8. Il ressort des termes de l’arrêté contesté que la préfète de Meurthe-et-Moselle a rejeté la demande d’admission exceptionnelle au séjour présentée par M. B au titre du travail au motif que le service de la main d’œuvre étrangère a donné un avis défavorable à la délivrance d’une autorisation de travail pour un emploi de « rangeur » au sein de la société GMT Express située à Yutz, qu’il ne justifie pas d’un diplôme ou d’une formation qualifiante et qu’il ne justifie pas d’un visa de long séjour. Si le requérant fait valoir qu’il est titulaire d’une qualification professionnelle en mécanique automobile obtenue en Algérie en 2013, et qu’il a acquis une expérience professionnelle comme mécanicien dans des garages automobiles situés en Moselle, par contrats conclus les 12 mars 2020, 1er juin 2021 et 1er janvier 2023, ces expériences ne sont pas en lien avec l’emploi de « rangeur » dans une société d’acheminement de marchandises et de logistique pour lequel il a sollicité son admission exceptionnelle au séjour. En l’absence de circonstance humanitaire ou de motif exceptionnel, le requérant n’est pas fondé à soutenir que la préfète de Meurthe-et-Moselle aurait commis une erreur manifeste d’appréciation des conséquences sur sa situation personnelle en refusant de l’admettre exceptionnellement au séjour et en l’obligeant à quitter le territoire français.
9. En dernier lieu, le requérant étant séparé de son épouse avec laquelle il a entamé une procédure de divorce en 2020, il n’établit pas avoir développé en France des attaches particulières ni être dépourvu de toutes attaches en Algérie où il a vécu jusqu’à l’âge de 29 ans. Au vu des ces éléments, la préfète de Meurthe-et-Moselle n’a pas porté une atteinte disproportionnée à son droit au respect de la vie privée et familiale protégé par l’article 8 de la convention européenne de sauvegarde des droits de l’homme et des libertés fondamentales en refusant de lui délivrer un titre de séjour et en lui faisant obligation de quitter le territoire français.
10. Il résulte de ce qui précède que les conclusions de M. B tendant à l’annulation de l’arrêté du 9 août 2024 doivent être rejetées. Il en va de même, par voie de conséquence, de ses conclusions aux fins d’injonction ainsi, en tout état de cause, que de celles présentées au titre des articles L. 761-1 du code de justice administrative et 37 de la loi du 10 juillet 1991.
D E C I D E :
Article 1er : La requête de M. B est rejetée.

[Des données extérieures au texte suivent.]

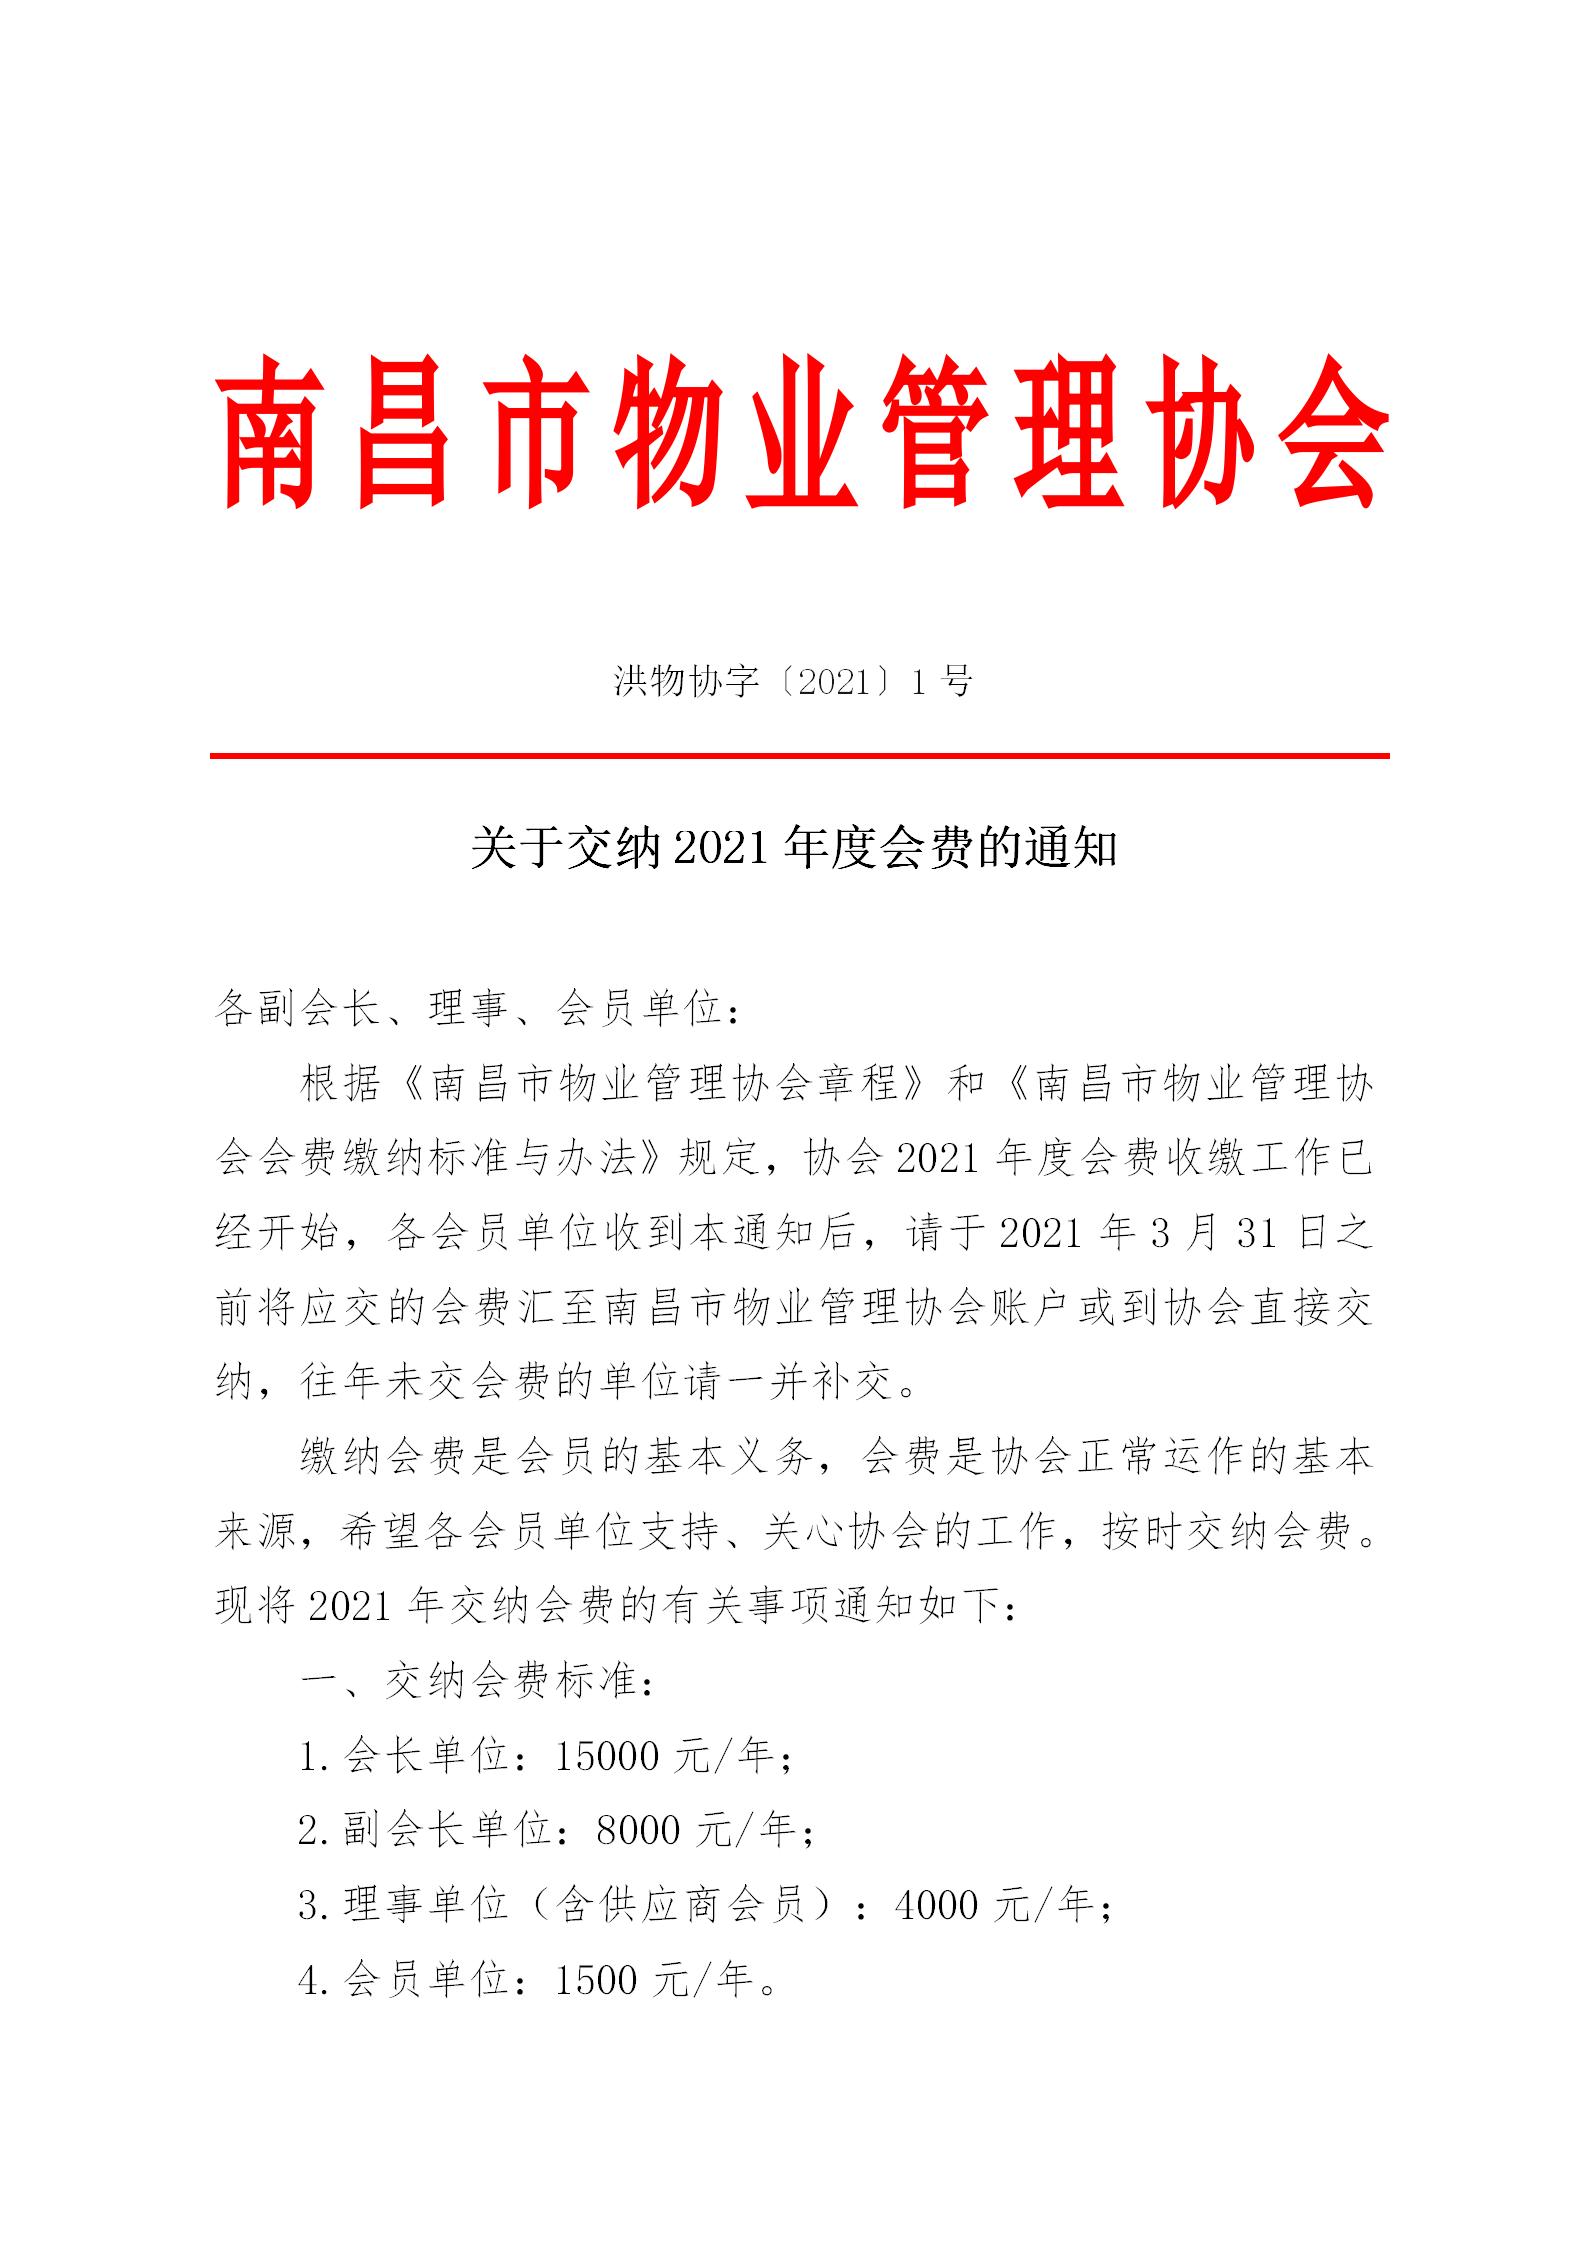 洪物协字[2021]1号关于交纳2021年度会费的通知_01.png

Article 2 : Le présent jugement sera notifié à M. A B et à la préfète de Meurthe-et-Moselle.
Délibéré après l’audience du 22 avril 2025, à laquelle siégeaient :
M. Coudert, président,
Mme Milin-Rance, première conseillère,
Mme Jouguet, première conseillère.
Rendu public par mise à disposition au greffe le 13 mai 2025.
La rapporteure,
F. Milin-Rance
Le président,
B. Coudert
La greffière,
I. Varlet
La République mande et ordonne à la préfète de Meurthe-et-Moselle en ce qui la concerne ou à tous commissaires de justice à ce requis en ce qui concerne les voies de droit commun contre les parties privées, de pourvoir à l’exécution de la présente décision.